This spring, they were approved for $1,500 to help them get caught up on back rent, said Susan Schoengold, coordinator of Jewish Financial Assistance and Jewish Care Management at JFCS, which delivers mental health and human services on a non-denominational basis.

“She’s lived through it on both sides of the story,” Schoengold said of Davis.

“You can save for your typical rainy day, but no one planned for Covid, and look at what happened with housing,” Schoengold said, adding that she is helping many clients in desperate need of assistance amid the worsening crisis in affordable housing.

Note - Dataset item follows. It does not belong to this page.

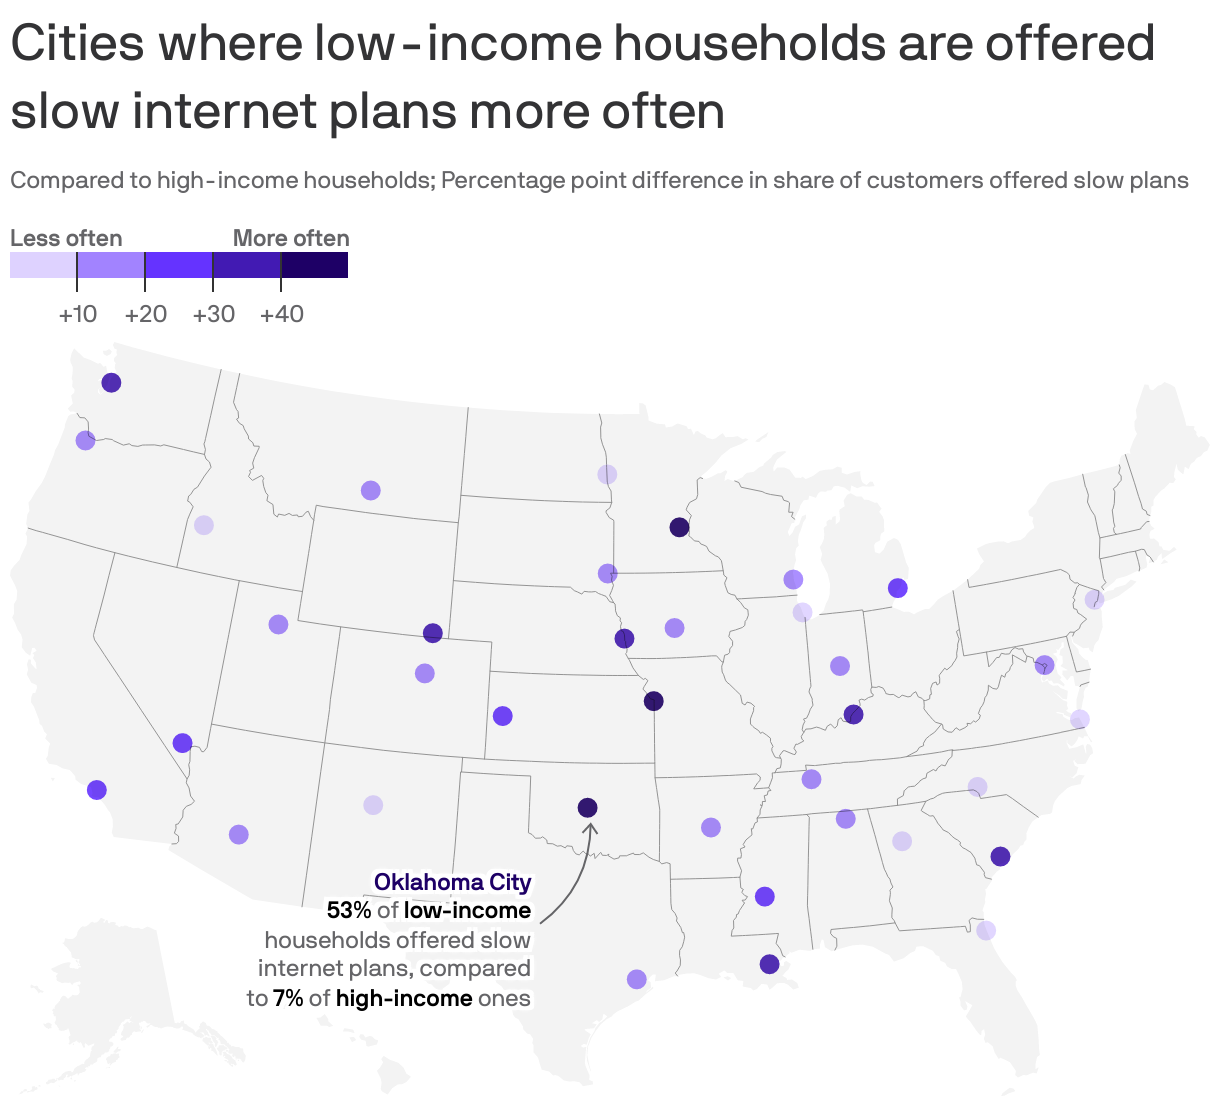 Cities where low-income households are offered slow internet plans more often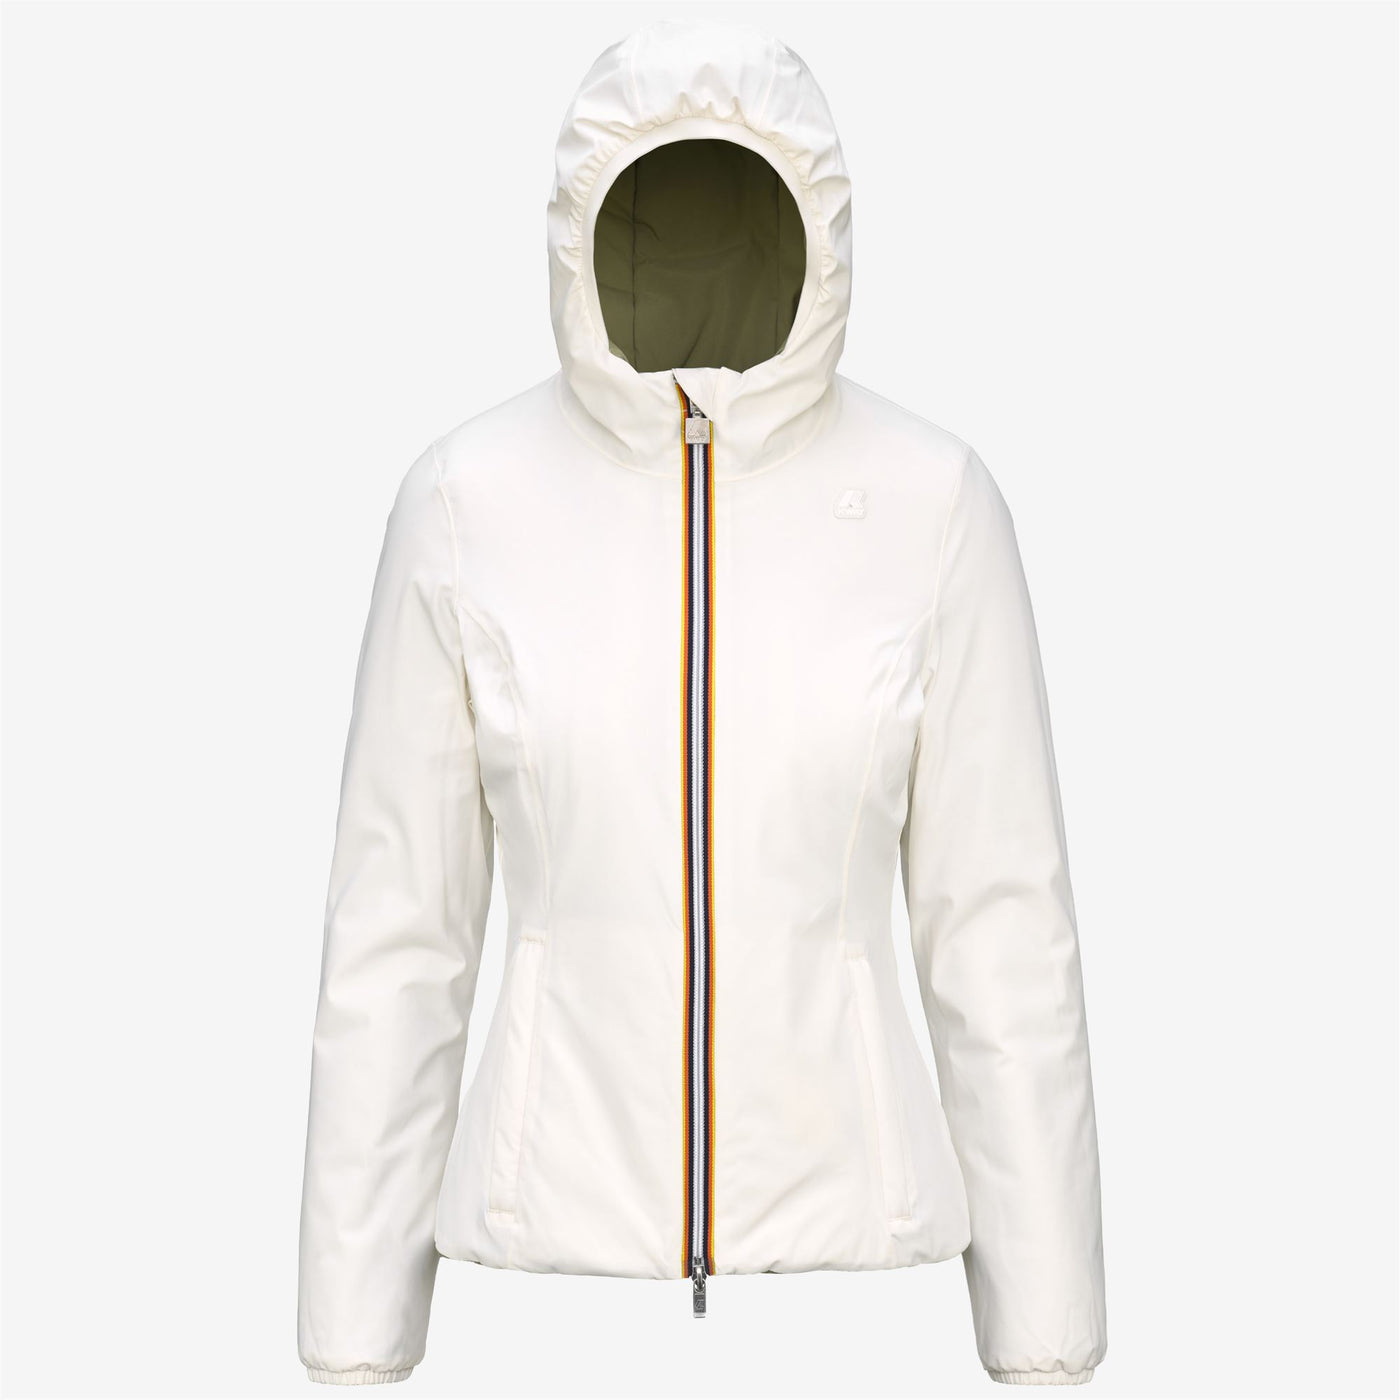 Jackets Woman LILY WARM DOUBLE Short WHITE G-GREEN S Photo (jpg Rgb)

“I think that even people who don’t realize they’re vulnerable probably are,” Schoengold said. “I do feel like most of us are one catastrophe away from homelessness.”

After the assistance, Davis said they stayed current on their rent and continued their housing search – finally finding a three-bedroom house in South Venice.

They closed on the house in late August and moved in soon after.

The household budget remains tight as her husband’s hours at work are still fluctuating.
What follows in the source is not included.